First look at the ADC's indicators Tcycmin = 500ns and Tacqmin = 80ns, this is a SAR ADC, the speed can be Mbps, fairly fast. Therefore, it is sampled 10 times in a row, and the time taken is only about 10 μs.

The op amp from the signal input to the output is not a process without delay, but a process with delay and oscillation. At the same time, the time of this process will increase due to the PCB design of the subsequent circuit. As shown below:

Look at the op amp's specifications. When 4V, it reaches 0.01%, the time is 5.1μs, and the fluctuation error is 0.4mV. In the 4V range, the 1LSB of a 16-bit ADC is 0.06mV. The error can eat 6, 7 code words. If the distributed capacitance and the trace resistance are added, this time will increase further, making the post-stage stabilization time increase, resulting in a larger error.

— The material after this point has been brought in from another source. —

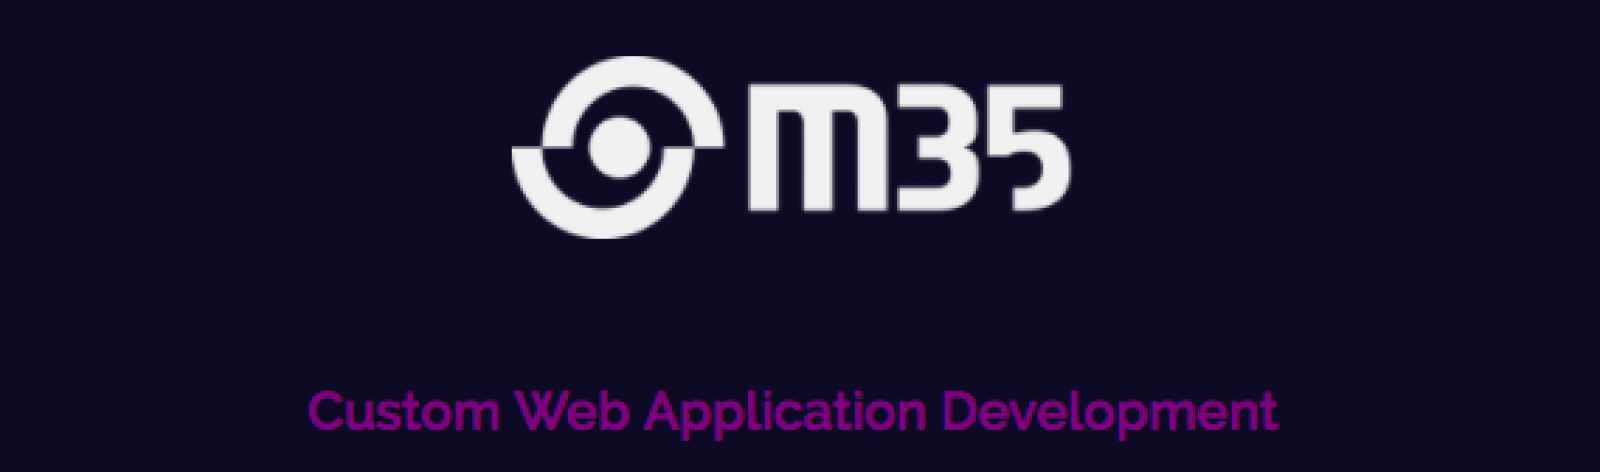 M35 Development
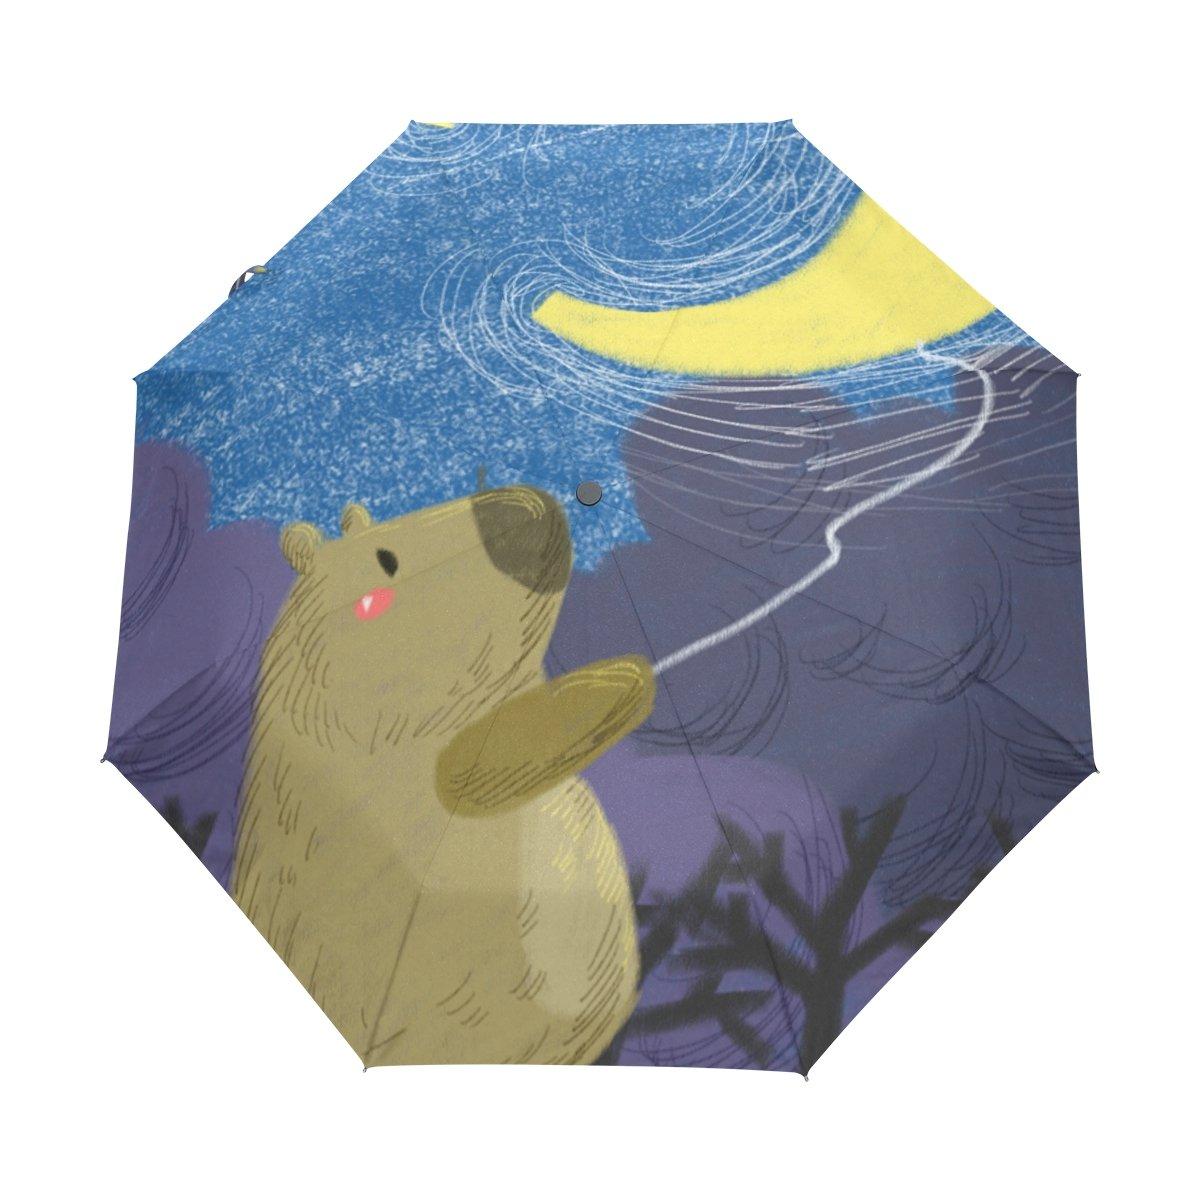 Senya Saobao防風と防雨トラベル傘with自動開いて閉じFolding Bear and Moonポータブル折りたたみ式太陽雨傘 B07FFNTY3S

Later, the software engineer lowered the sampling rate, increased the acquisition time, and solved the problem.

10, the 10th hole of the op amp - the forgotten power consumption

I have done a board and the power consumption is very strict. Therefore, after the design is completed, I draw a power tree and calculate the power consumption of each device. There is no super, then the board is commissioned, debugged, powered on, and the power consumption exceeds the standard. .

After a check, it was found that there was a problem in the calculation of the op amp power consumption. Five of the op amp circuits used in the figure below.

Because it is a DC drive, in the calculation, only the static power consumption of the op amp itself is considered, PD=15V x 4.2mA =63mW. According to the maximum static power consumption, the power consumption margin is more than enough.

In fact, an important power consumption point is neglected: the voltage difference between the op amp supply voltage of 15V and the output voltage (1V-4.5V) is all consumed in the op amp. According to the maximum differential voltage, one circuit consumes 140mW. This kind of dissipated power has never been considered before, so all of them are selectively ignored. When the demand for power consumption is tight, the problem is exposed.

 

Later, when the version was changed, the low voltage was selected to supply power to the op amp, which reduced the dissipated power consumption and met the requirements of the index.